Miss Christina Choy is an experienced oncoplastic breast surgeon based in London, with a specialist expertise in one stop rapid assessment for various breast symptoms and lumps, family history risk assessment and genetic testing, breast screening and counselling, state of the arts management for both benign breast disease and breast cancer. She works at HCA hospitals in London with a group of dedicated multidisciplinary team members to provide holistic personal care with updated and cutting-edge management approaches for breast management. She is a trustee for Breast Cancer Hope Charity which promotes breast cancer research for improvement of breast cancer awareness and disease treatment.
Miss Christina Choy qualified from the Medical School of the University of Sydney in 1986 and undertook her postgraduate training in surgery and has worked in various major centres in Australia, Hong Kong and the UK, including The Royal Marsden Hospital and St Bartholomew’s Hospital. She worked as consultant breast surgeon in the NHS previously and was Lead for the Breast Service at the Homerton University Hospital. She has worked in the private sector since 2003. From January 2017 she has worked exclusively for HCA private hospitals including the London Breast Institute at the Princess Grace Hospital, the Harley Street Clinic, the Portland Hospital for women and the new HCA specialist unit at the Chiswick Outpatient and Diagnostic Centre.

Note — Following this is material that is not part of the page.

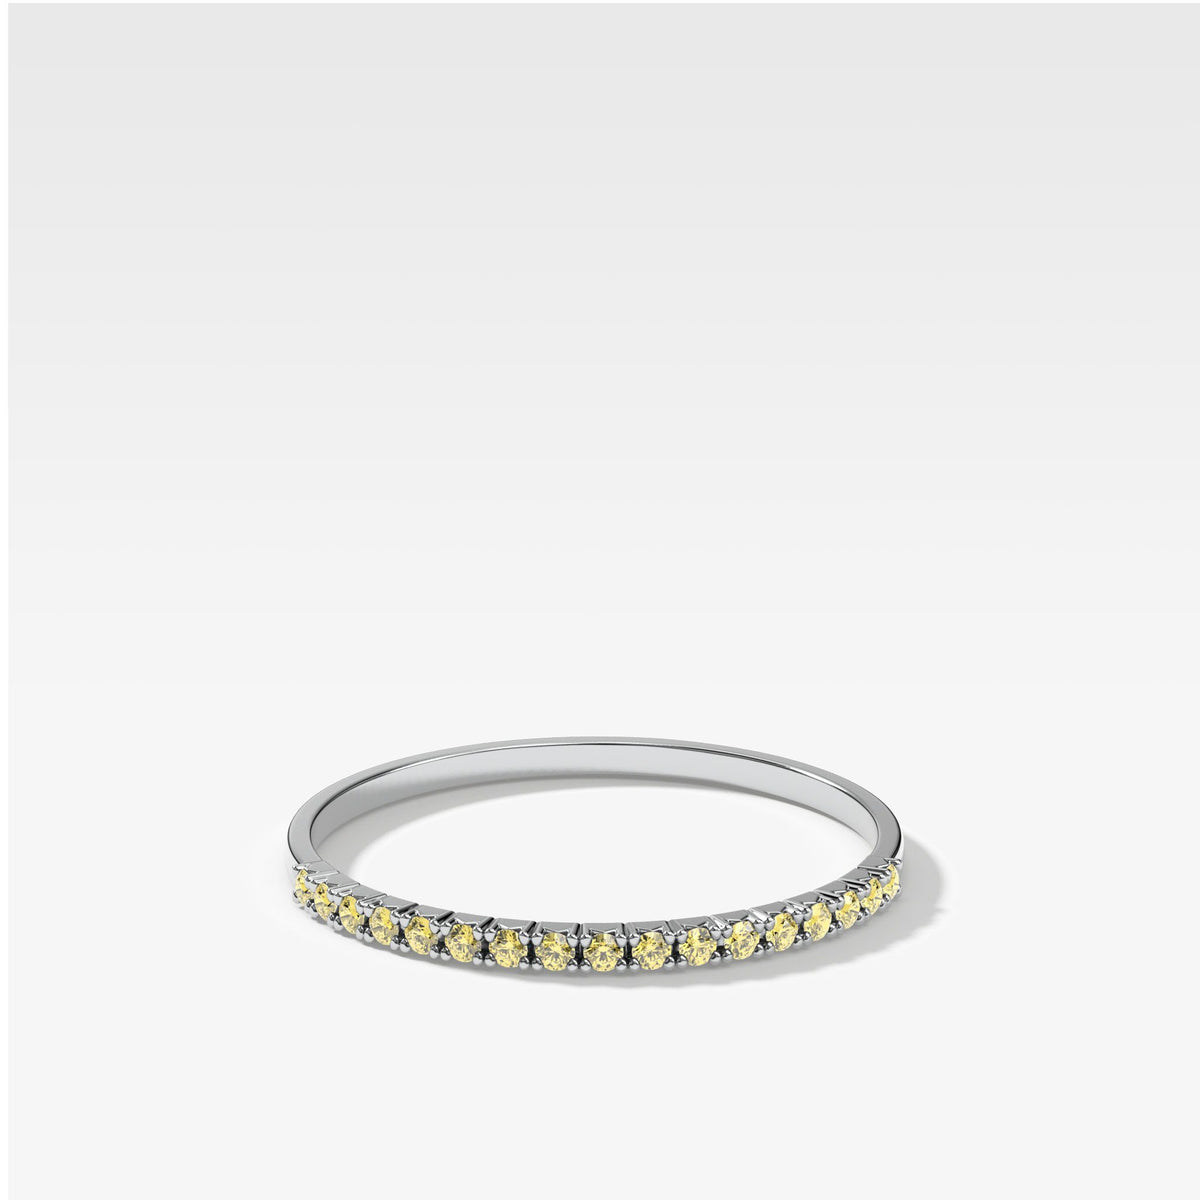 Petite French Pavé Stacker with Yellow Diamonds by Good Stone in White Gold

Miss Choy is actively involved in research and has worked in conjunction with the pathology department at St Bartholomew's Hospital on a study of the gene arrays and demographic data of young women, particularly Afro-Caribbean women and other ethnic groups, presenting with breast cancer. Other projects that she is involved in include research into barriers to women accessing early diagnosis and treatment for breast cancer in various ethnic groups (in conjunction with King's College Hospital, recently presented in Parliament for Black Afro-Caribbean and Ethnic Minority Group, BAEM), the development of a 23 hours model for early discharge after breast cancer surgery and an audit to determine if sentinel node of highest isotope count can be the predictor of nodal status in breast cancer.